- Born: John Van Nostrand Dorr January 6, 1872 Newark, New Jersey, U.S.
- Died: June 29, 1962 (aged 90) Wallingford, Connecticut, U.S.
- Education: Rutgers University (BS)
- Spouses: ; Sally Harman Doughty ​ ​(m. 1897)​ ; Ellen Mary Faulkner Swift ​ ​(m. 1924; died 1928)​
- Children: 2
- Awards: John Scott Medal (1916) Chemical Industry Medal (1938) Perkin Medal (1941)
- Scientific career
- Fields: Chemical engineering

= John V. N. Dorr =

American scientist (1872–1962)

John Van Nostrand Dorr (January 6, 1872 – June 29, 1962) was an American industrial chemist and inventor. He is known for developing industrial chemical techniques, like the Dorr classifier, Dorr thickener, and Dorr agitator. He founded Dorr Foundation, which conducted research in the 1950s on the effectiveness of painted lines on road shoulders and its impact on highway safety.

==Early life==
John Van Nostrand Dorr was born on January 6, 1872, in Newark, New Jersey, to Nancy H. (née Higginson) and John Van Nostrand Dorr. He was taught by his mother, who was founder of the Riverside School in Wallingford, Connecticut. She encouraged Dorr to hike and explore iron and copper mines in New Jersey and to collect specimens.

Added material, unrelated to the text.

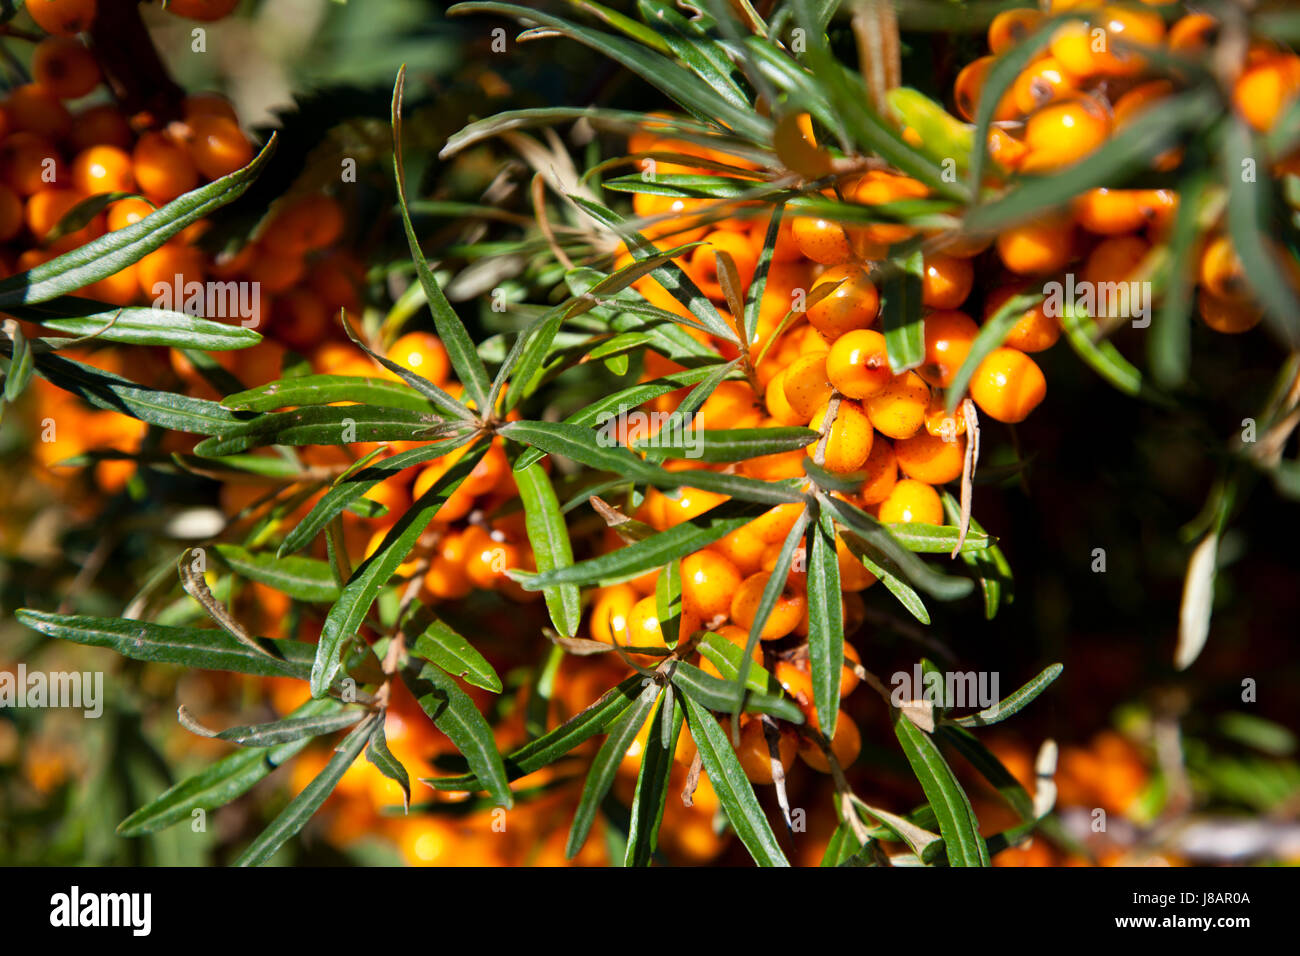 branches, berry, sallow thorn, buckthorns, summer, summerly, ripe, progenies, Stock Photo

From 1888 to 1890, Dorr worked in Thomas Edison's laboratory in West Orange, New Jersey, as a chemist and experimenter. He later became a vice president of the Edison Pioneers. He graduated in 1894 with a Bachelor of Science from Rutgers University. He was a member of Zeta Psi.

==Career==
===Chemical engineering career===
Dorr worked as a chemist at a smelter in Deadwood, South Dakota, in the Black Hills. He then learned the cyanide process and spent some time in Colorado before returning to Deadwood. In 1902, he started a partnership with John Lundberg, a mine leaser, and together they operated the Rossiter Mill, a cyanide mill in Fantail Gulch. The mill treated gold ores from Buxton and Bonanza mines, two mines that Lundberg leased. In 1903, Dorr, Lundberg, and a third partner civil engineer A. D. Wilson purchased the mines and built a 100-ton per day wet-crushing cyanide mill on site. Dorr tried the new Moore filter process at the Lundberg, Dorr & Wilson mill. This led to the development, patenting, and manufacturing plans for the Dorr clarifier.

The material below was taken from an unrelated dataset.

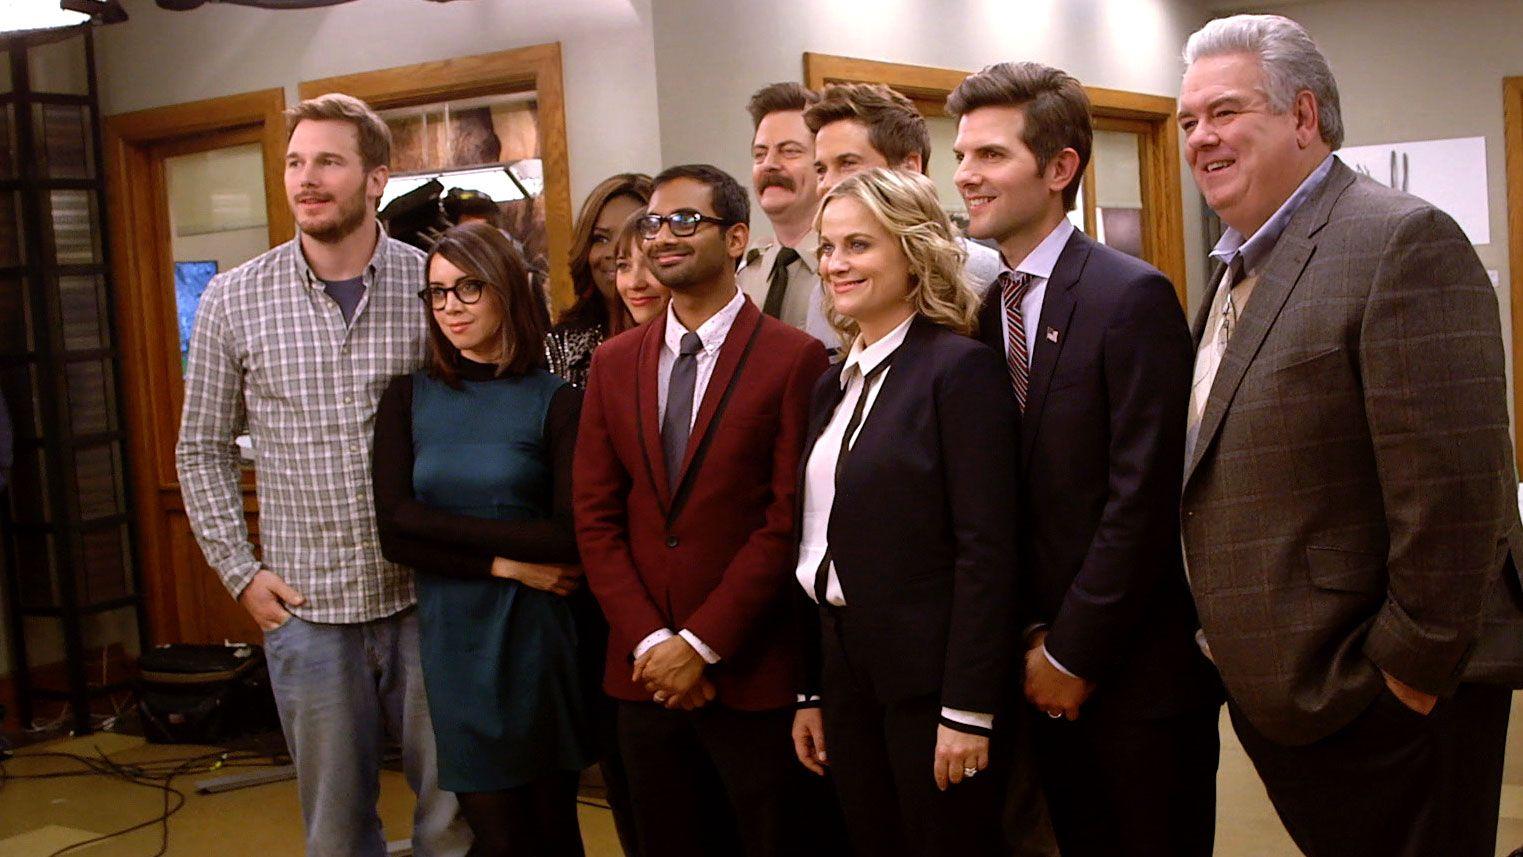 1920x1080px Parks And Recreation 634.75 KB

In 1906, Dorr became a consultant for the remodeling of a dry crushing mill of the Mogul Mining Company. While working with the mill, which had trouble with slime collection, he developed a continuous slime thickening method for the flat-bottomed tanks that became known as the Dorr continuous thickener. The Dorr thickener allowed the continuous settling and thickening of ore pulp. In 1910, he developed the Dorr agitator in Ontario, the principle of continuous countercurrent decantation in Arizona, and also the principle of closed circuit grinding. He also invented the Dorr classifier, a practical method for the separation and chemical treatment of fine solids suspended in liquid. His inventions were used in ore dressing, hydrometallurgy, and industrial processes. His extraction process using cyanide solution to precipitate dissolved medal from a solution was used to extract gold, silver, and other materials. His techniques were also used in sewage treatment and water purification. The process was used to desilt the Colorado River, to develop the Imperial Valley, to increase the extraction of sugar from sugar cane and beets, and to produce synthetic fertilizers.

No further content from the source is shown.